WORK TO BE COMPLETED
Exactly as they appear, retype the lines from the one containing "Robot standing on" through the final line of the data below. Leave pictures out.

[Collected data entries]

=== Section Start ===

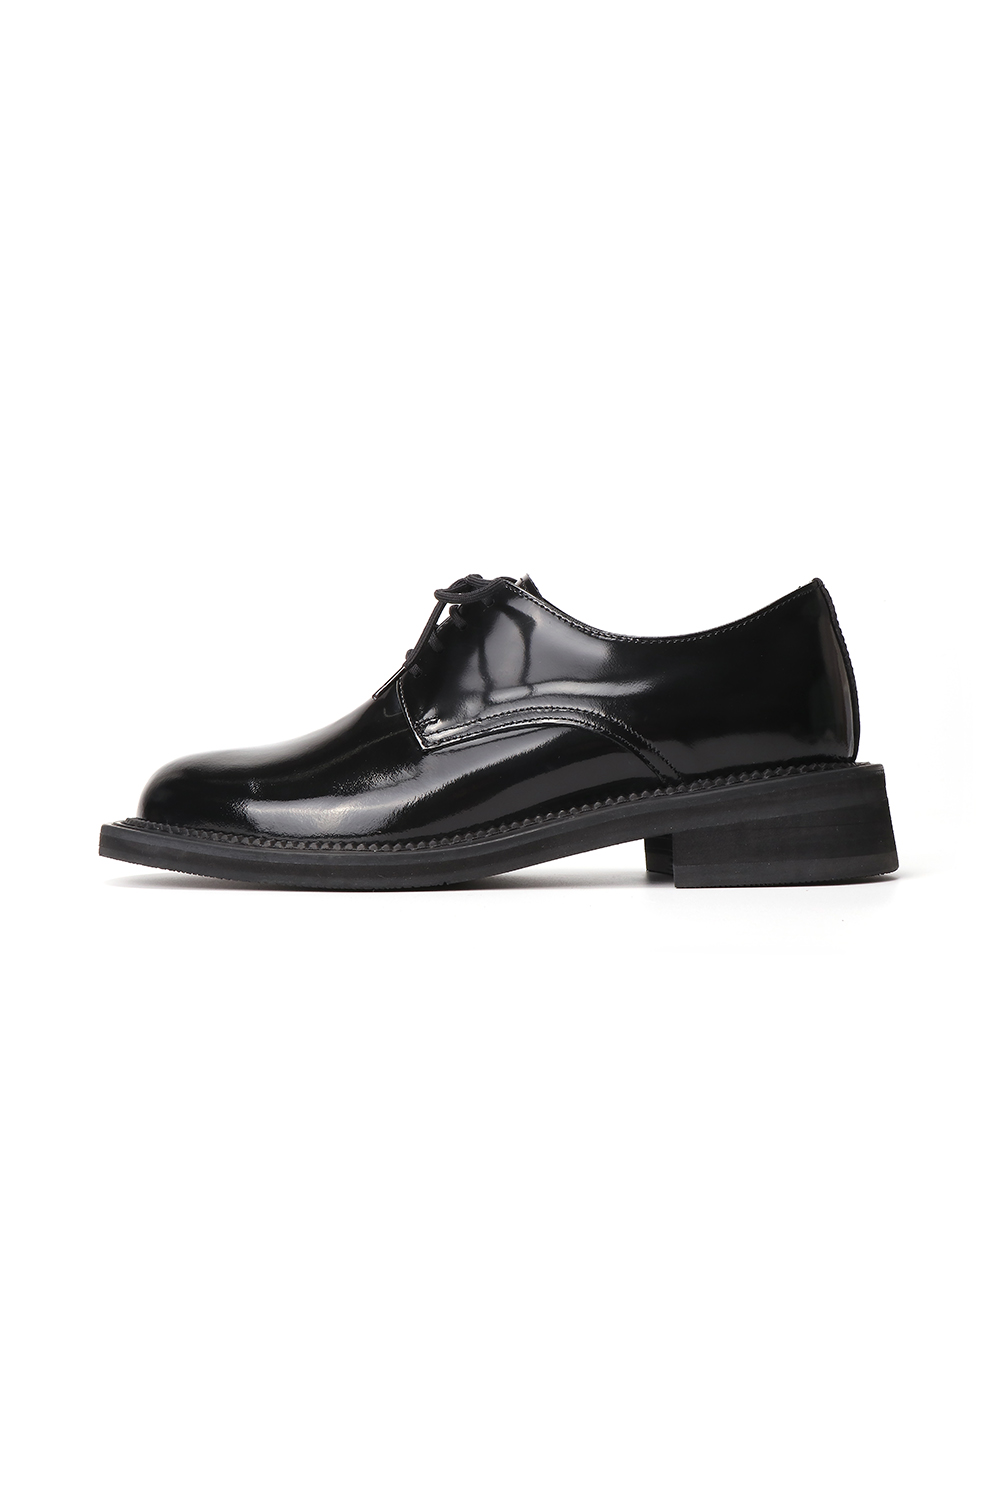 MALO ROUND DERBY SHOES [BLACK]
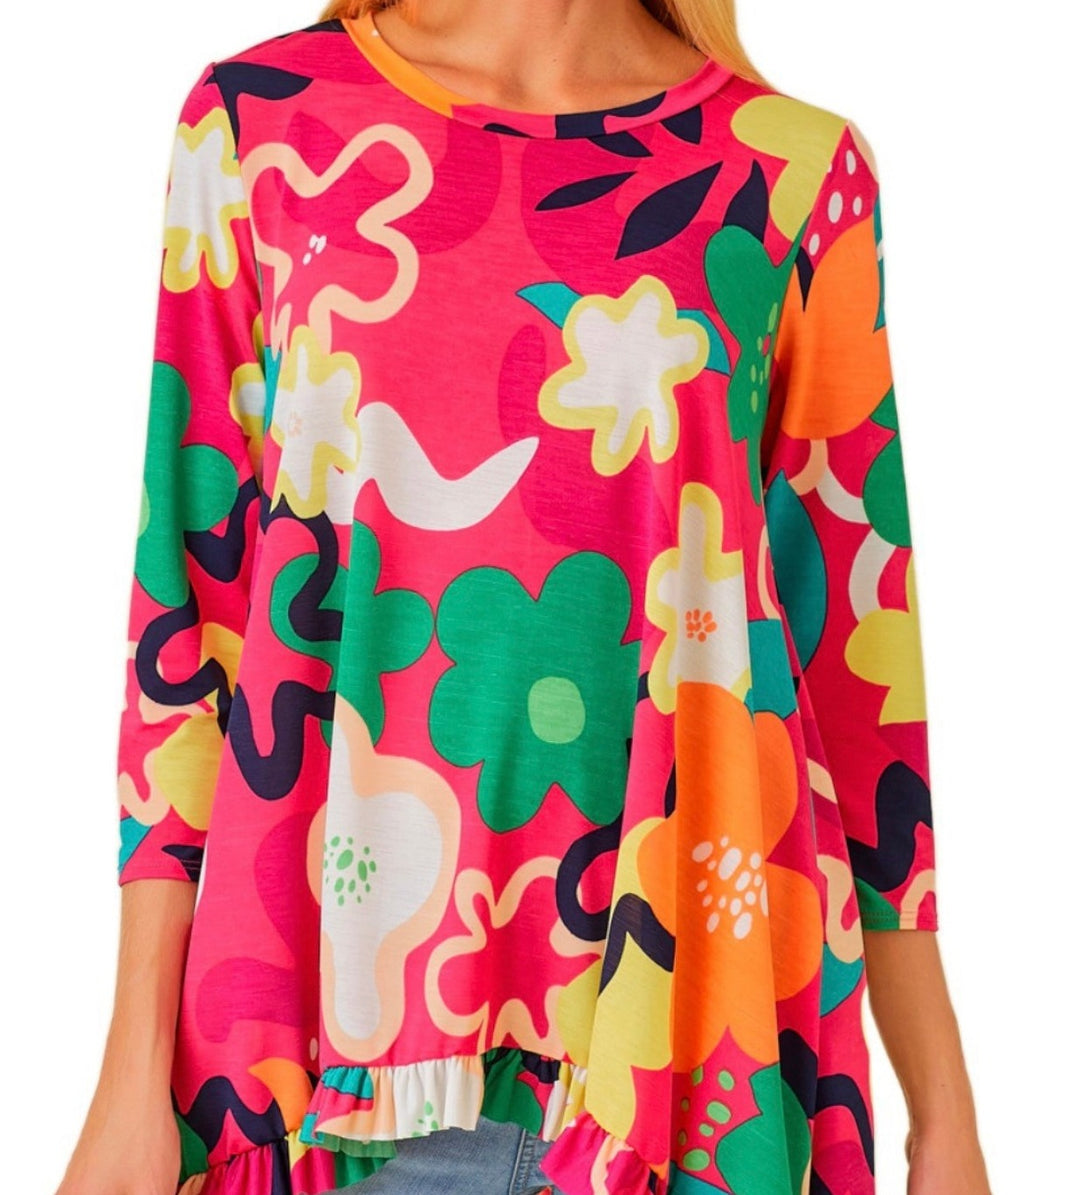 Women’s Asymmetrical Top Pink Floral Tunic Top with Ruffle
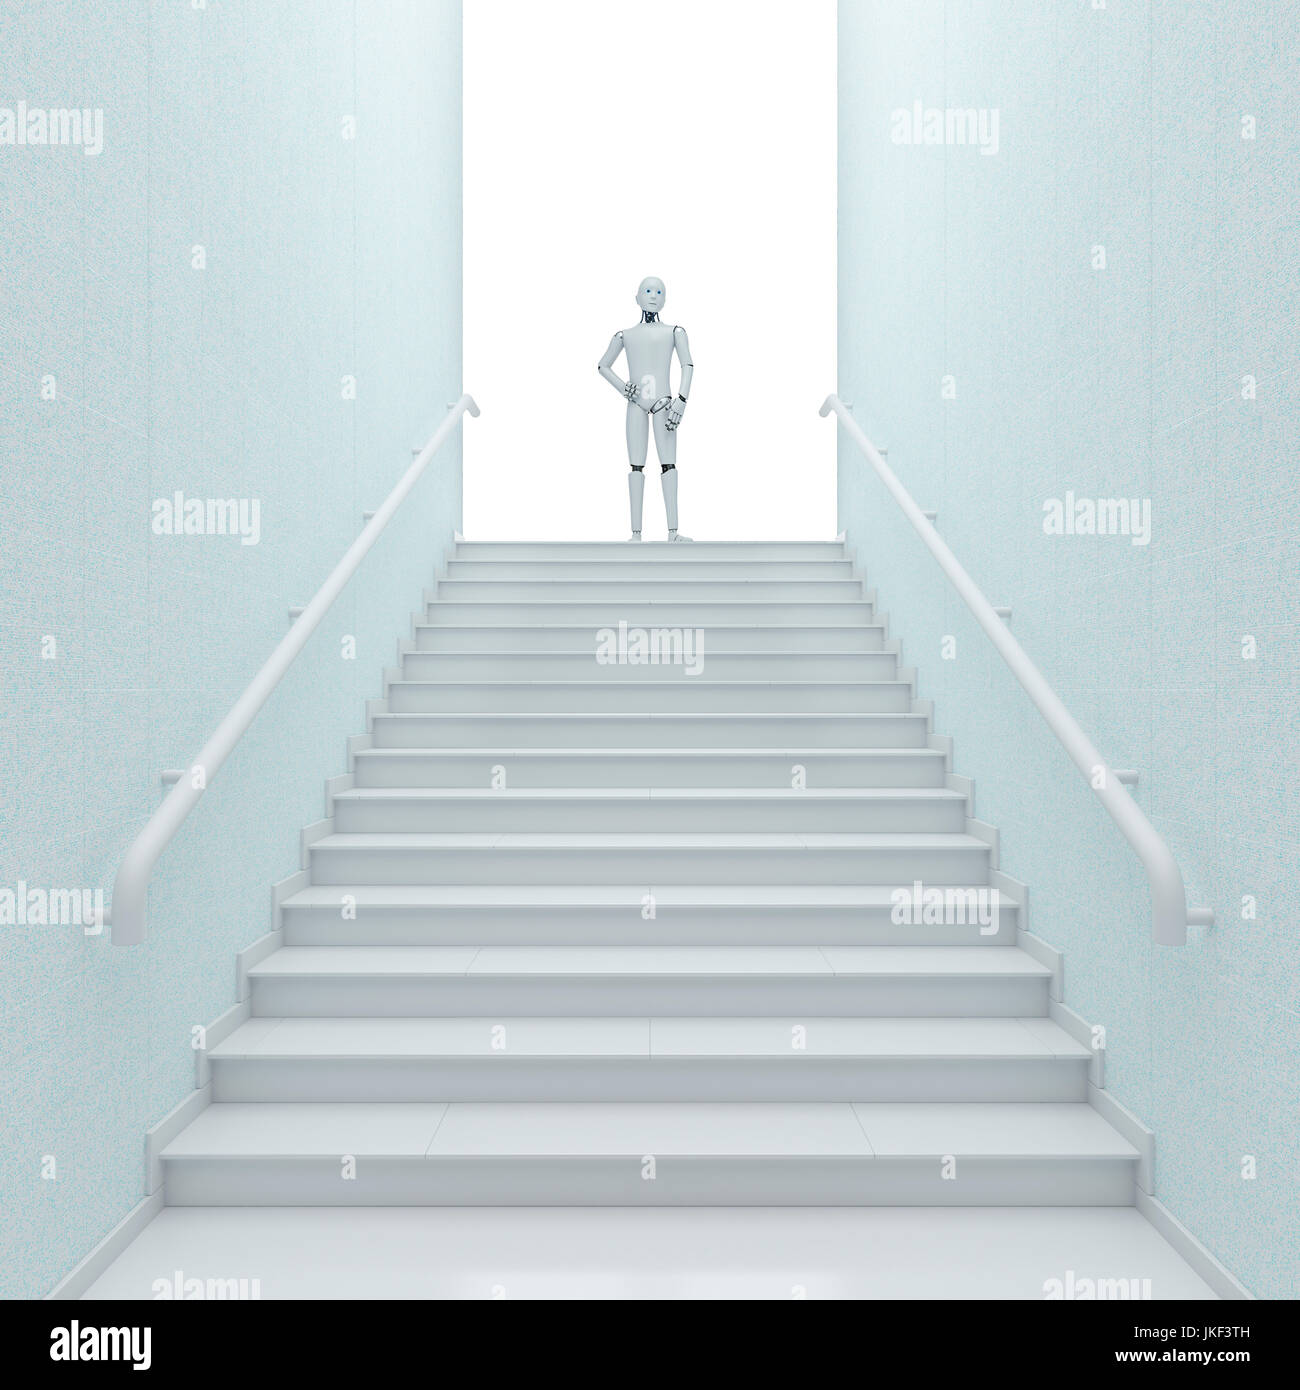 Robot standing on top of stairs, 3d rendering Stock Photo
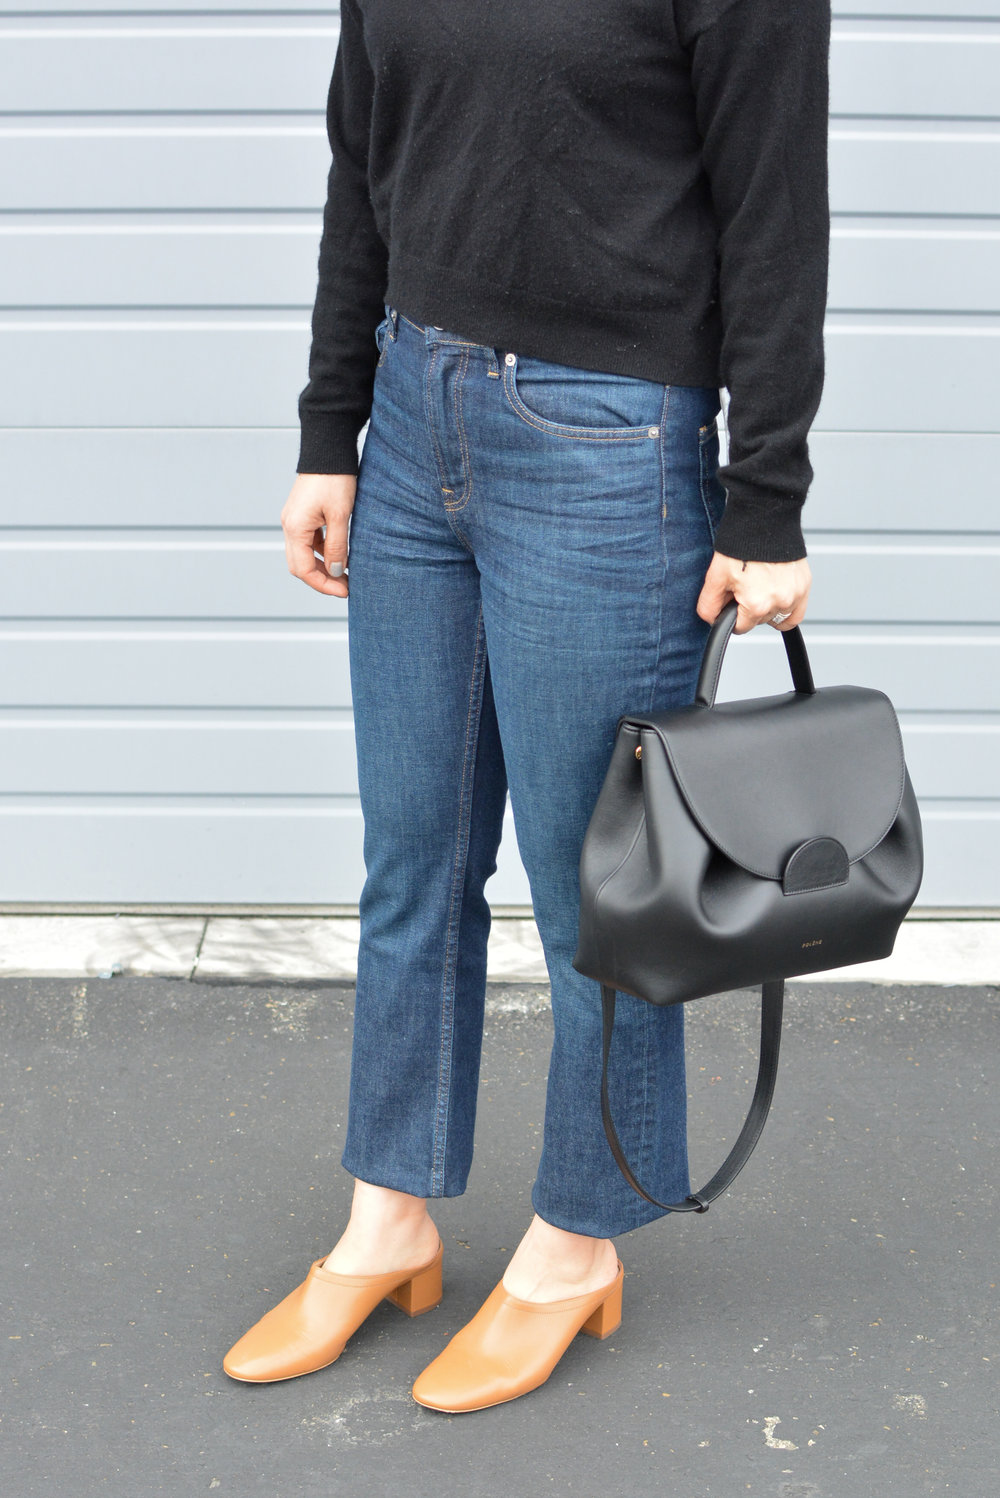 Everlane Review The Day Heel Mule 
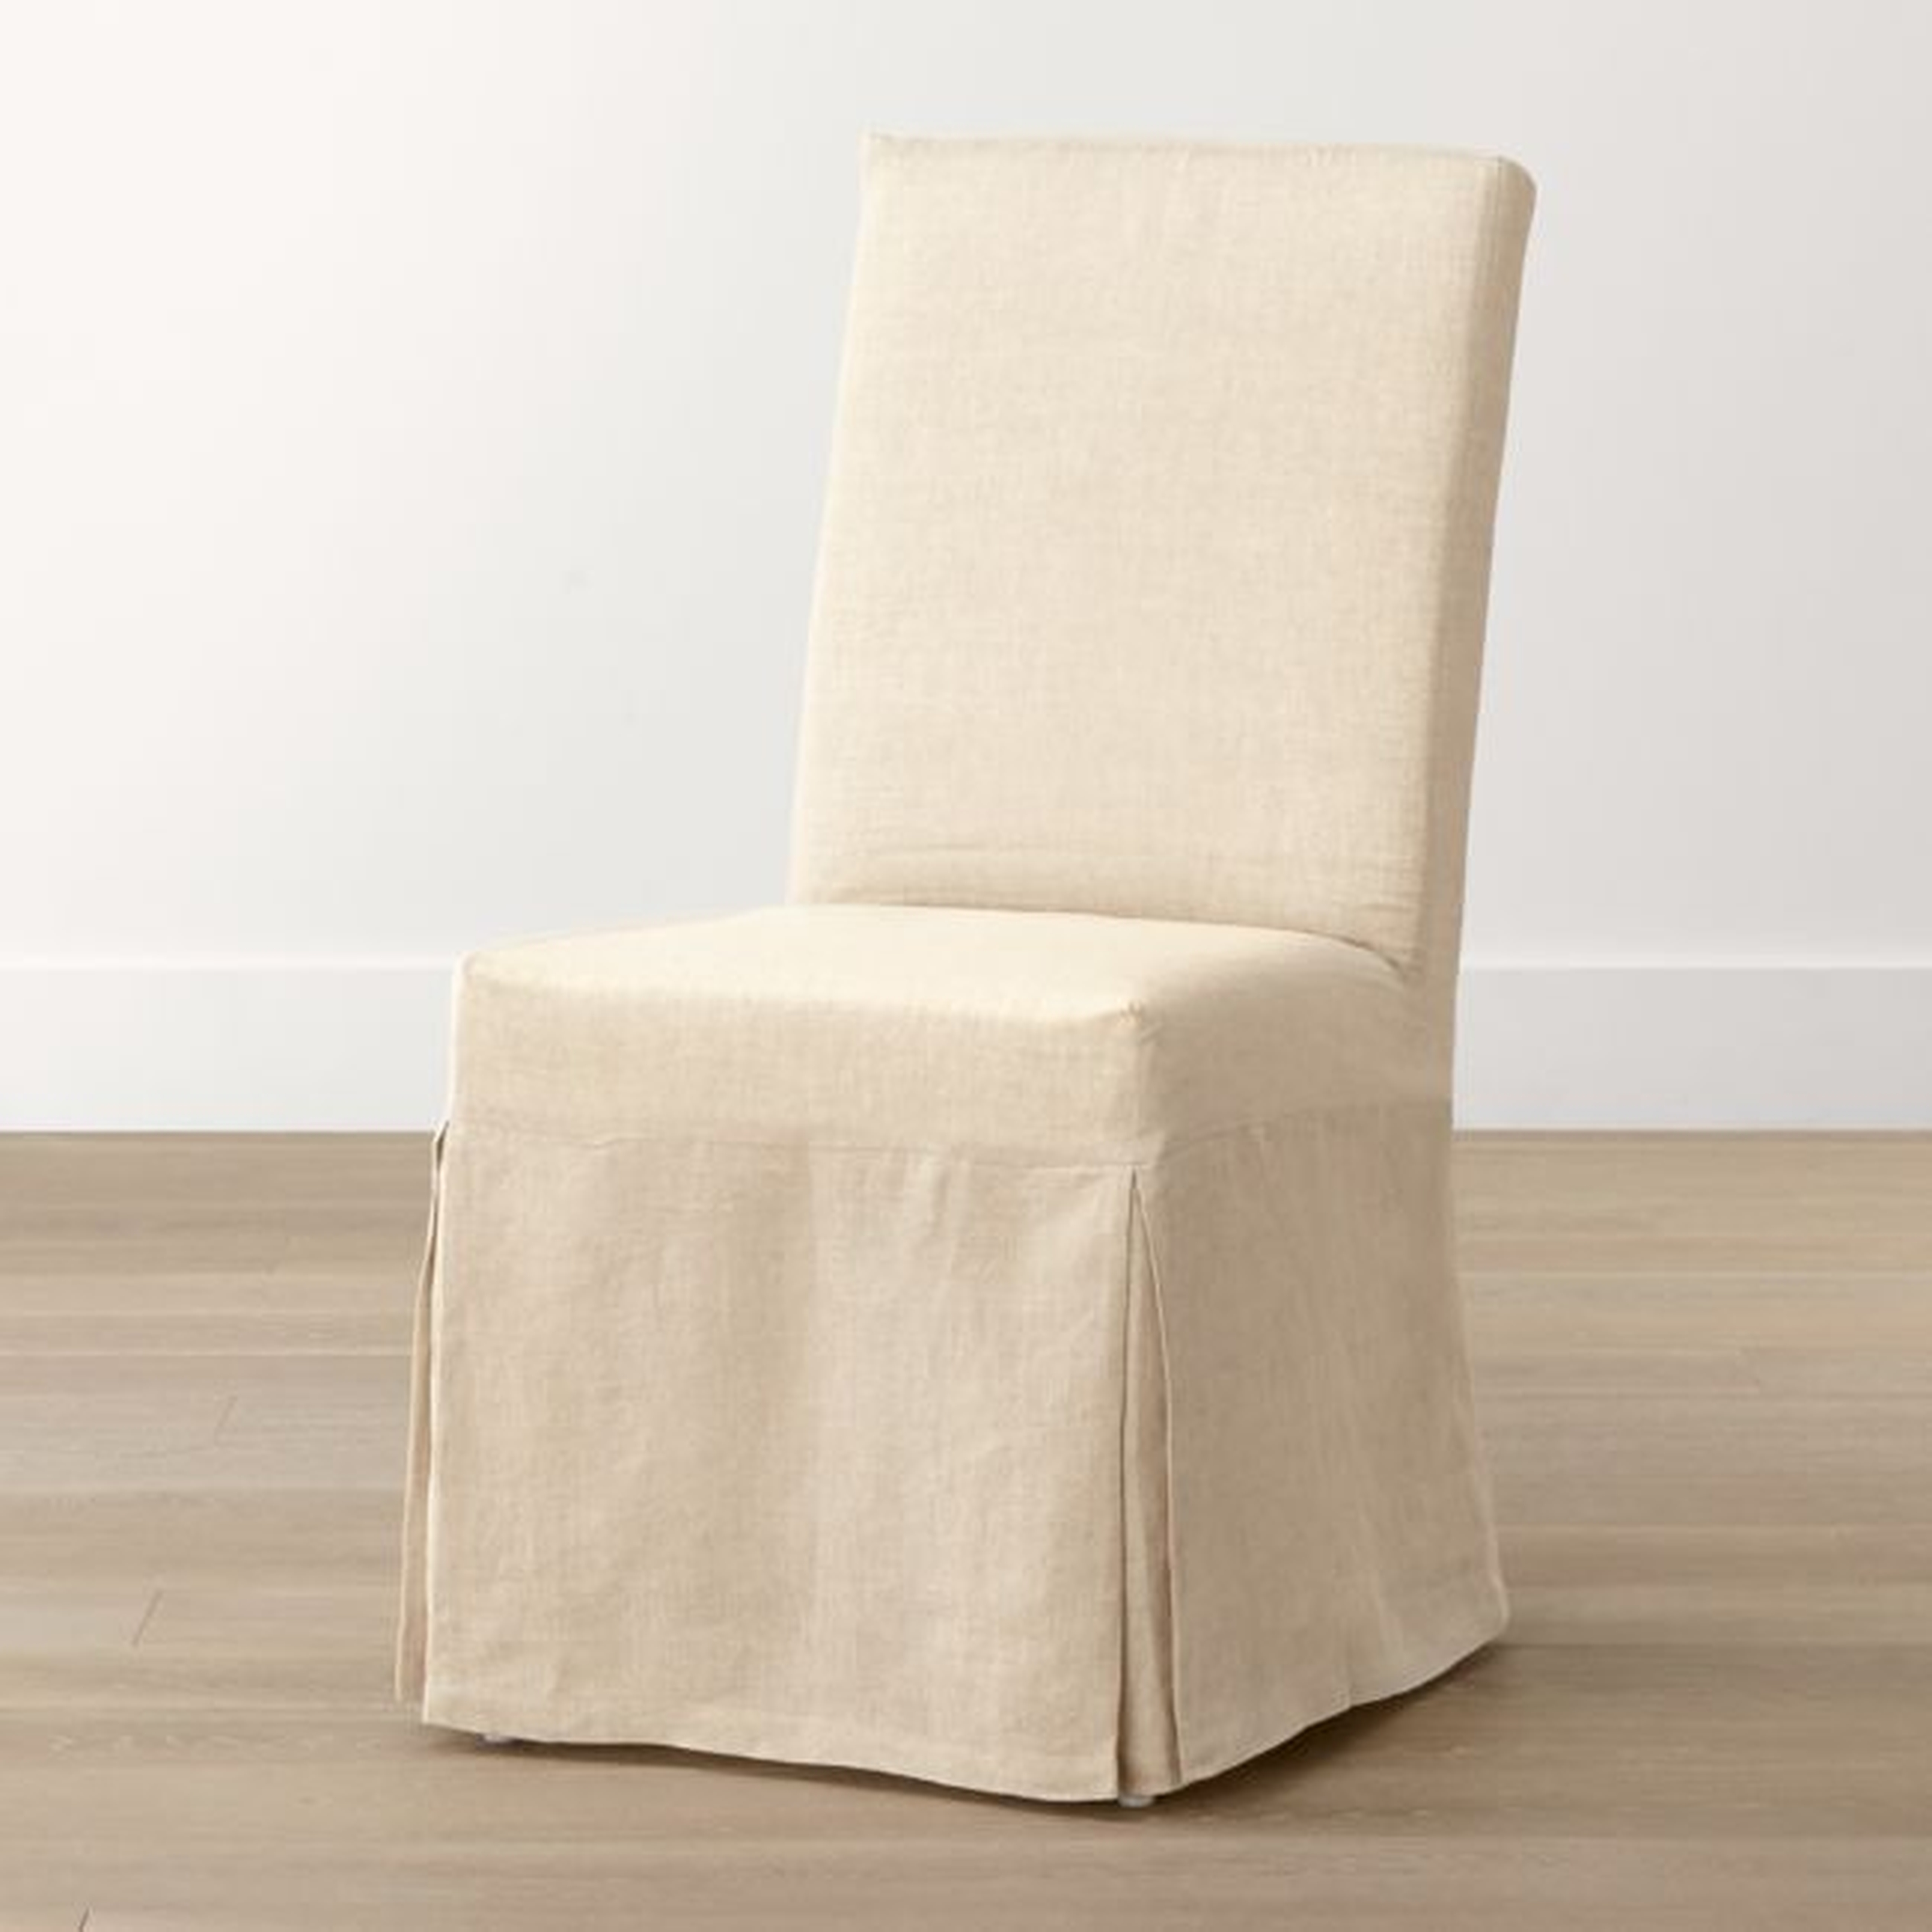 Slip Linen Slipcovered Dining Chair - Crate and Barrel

=== Section End ===

YOUR RESPONSE
 Robot standing on top of stairs, 3d rendering Stock Photo
 Everlane Review The Day Heel Mule 
 Slip Linen Slipcovered Dining Chair - Crate and Barrel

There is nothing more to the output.